Data volumes have increased so significantly that we need to carefully consider how we interact with, share, and analyze data to avoid bottlenecks. In contexts such as eScience and scientific computing, a large emphasis is placed on collaboration, resulting in many well-known challenges in ensuring that data is in the right place at the right time and accessible by the right users. Yet these simple requirements create substantial challenges for the distribution, analysis, storage, and replication of potentially "large" datasets. Additional complexity is added through constraints such as budget, data locality, usage, and available local storage. In this paper, we propose a "socially driven" approach to address some of the challenges within (academic) research contexts by defining a Social Data Cloud and underpinning Content Delivery Network: a Social CDN (S-CDN).

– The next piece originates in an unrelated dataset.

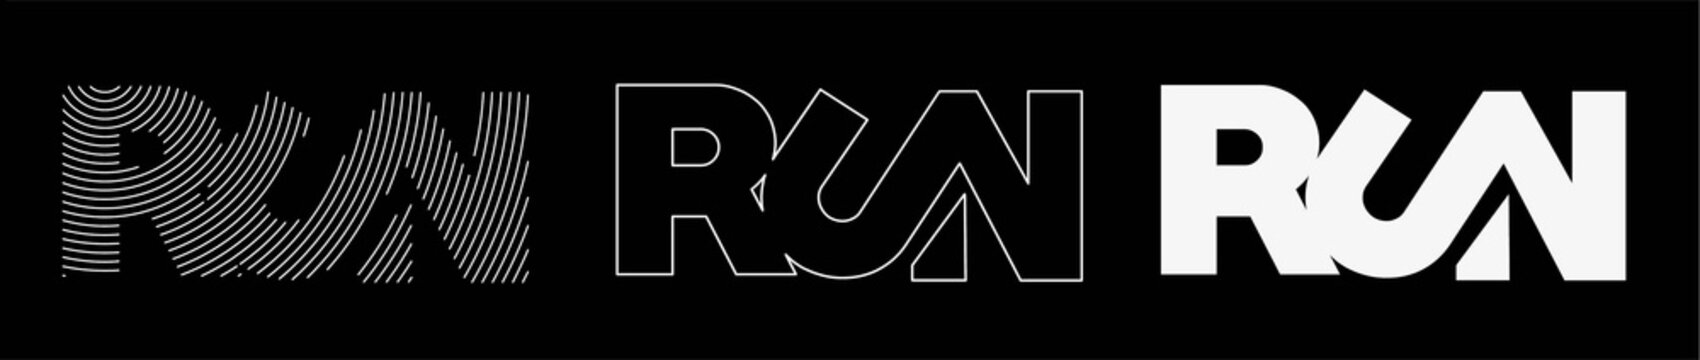 Run calligraphic text vector illustration design.

Our approach leverages digitally encoded social constructs via social network platforms that we use to represent (virtual) research communities. Ultimately, the S-CDN builds upon the intrinsic incentives of members of a given scientific community to address their data challenges collaboratively and in proven trusted settings. We define the design and architecture of a S-CDN and investigate its feasibility via a coauthorship case study as first steps to illustrate its usefulness.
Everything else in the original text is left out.